Tribune de Genève - 24 février 2011
Gabriel Tortella "Les propos de Gabriel"
J’ai reçu, mardi, un appel téléphonique de Venise qui m’a fait très plaisir. Au bout du fil, Frédéric de Narp, que je connais depuis longtemps et qui n’a pas hésité à interrompre quelques minutes ses vacances pour s’entretenir avec moi. C’est un personnage direct, sans détour, qui s’exprime avec une grande clarté. Il préside, depuis janvier 2010, aux destinées de Harry Winston, comme président et CEO. Il faut l’écouter s’enflammer littéralement lorsqu’il évoque l’avenir de cette maison qui est la quintessence du luxe le plus absolu.

Frédéric de Narp. Il est président et CEO d’Harry Winston depuis janvier 2010. © Massimo Sestini
Ce Breton d’origine, qui vit à New York, avec sa femme, Anne-Sophie, et leurs six enfants, s’est formé dans la meilleure des écoles, celle de Cartier. Il y a passé dix-neuf ans, avec beaucoup de plaisir me confie-t-il, apprenant peu à peu les rudiments du métier, de simple vendeur jusqu’au poste de président directeur général de Cartier pour l’Amérique du Nord, en 2005. C’est aussi un homme qui a beaucoup voyagé dans le monde entier et qui a vécu au Japon de 1991 à 1996. Frédéric de Narp a, bien sûr, quitté avec regret Cartier et Bernard Fornas, qui fut un de ses maîtres à penser, et dont il avait fait la connaissance alors qu’il avait 18 ans et faisait un stage chez Guerlain. Mais Bob Giannicott, le président de Harry Winston Diamond Corporation, réussit à le persuader de franchir le pas. Au passage, Frédéric de Narp rend hommage au fondateur, Harry Winston, décédé en 1978, ce génie à l’état pur et ce grand visionnaire, doté d’un immense talent. Ce qui fait qu’il se sent comme un poisson dans l’eau au sein de cette maison qui cultive l’exclusivité dans le domaine de la joaillerie, quand bien même, estime-t-il, la notion de luxe soit beaucoup galvaudée, d’une façon générale. Jusque dans le choix des matériaux, un sujet rarement évoqué, mais qui chez Harry Winston ne se traduit que par or, platine et zalium. Pour les montres compliquées, comme la collection Opus par exemple, plusieurs grands maîtres horlogers sont mis en compétition. Et c’est toujours le meilleur, jusque dans les moindres détails, qui l’emporte.

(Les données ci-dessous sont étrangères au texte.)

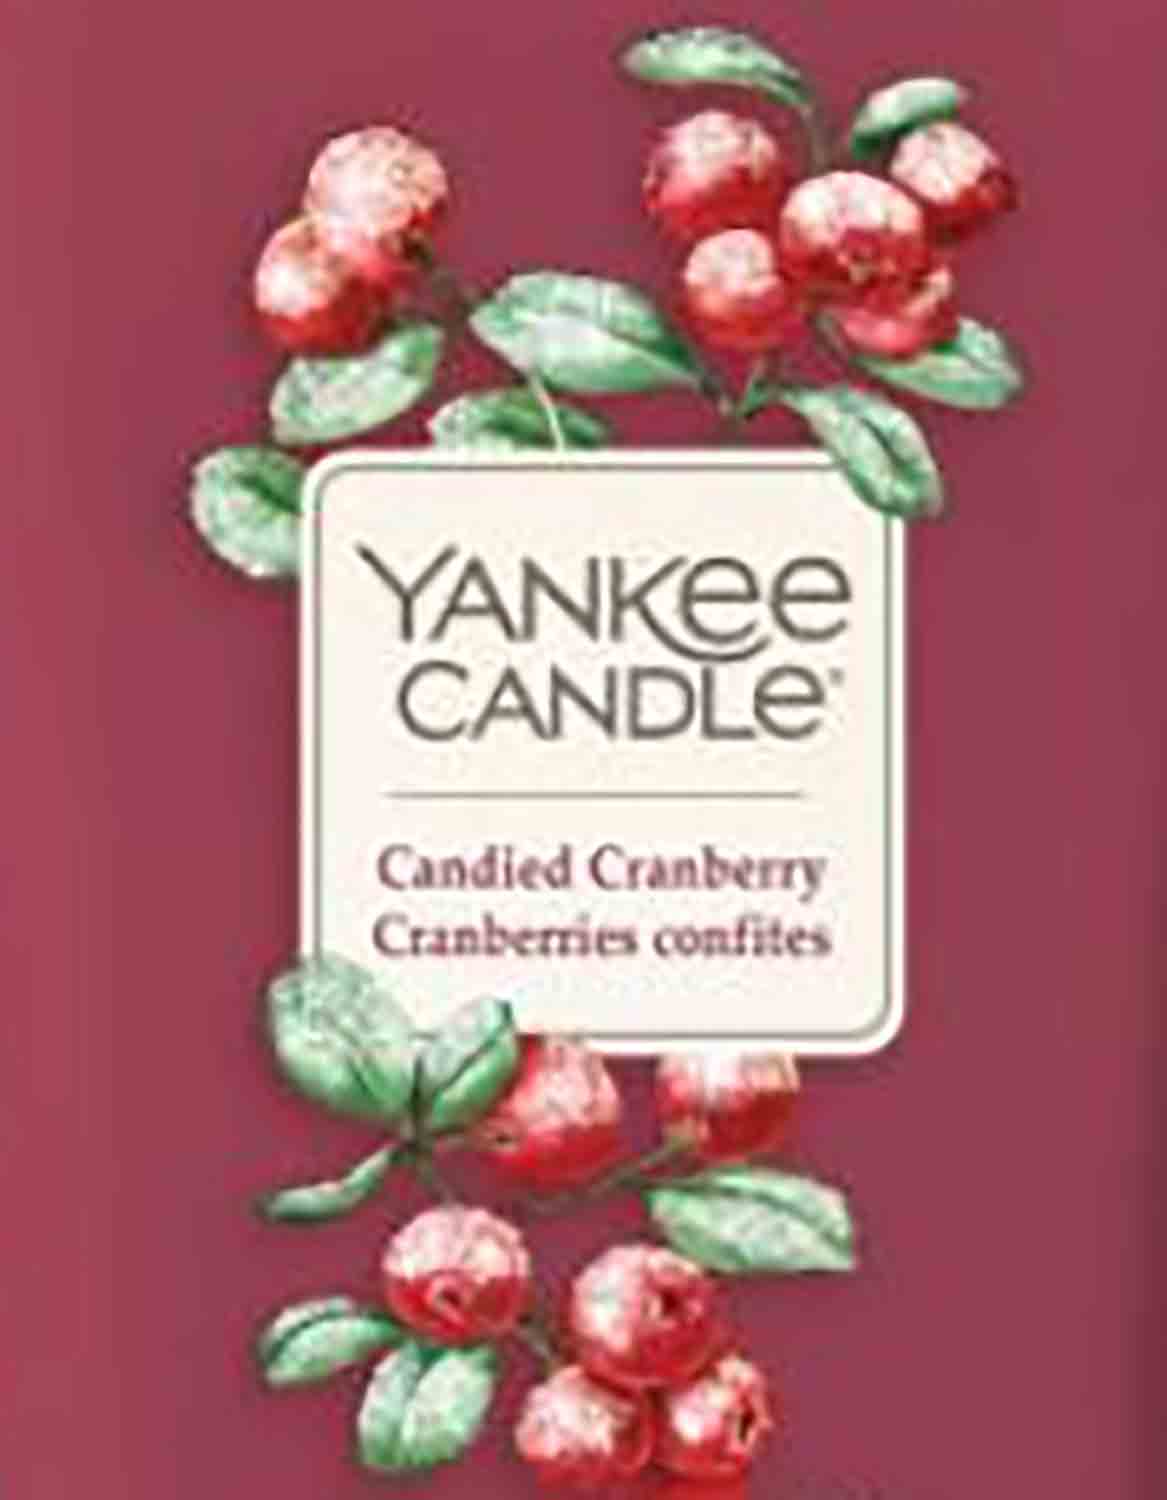 Yankee Candle Candied Cramberry 22 g - Crumble vosk

J’en suis sûr, Frédéric de Narp, si perfectionniste, si sensible, et qui a un grand cœur, maintiendra Harry Winston à son top niveau et le portera même vers de nouveaux sommets.
Chez Zenith, un nouveau tandem vient de voir le jour. Jean- Frédéric Dufour s’est en effet associé à Alain Thébault, l’homme du fameux hydroptère qui a pulvérisé les records de vitesse, allant deux fois plus vite que le vent qui poussait alors ce voilier volant. Une association judicieuse car Zenith va, lui aussi, plus vite que le vent, à sa façon. Chapeau à tous deux! G.T.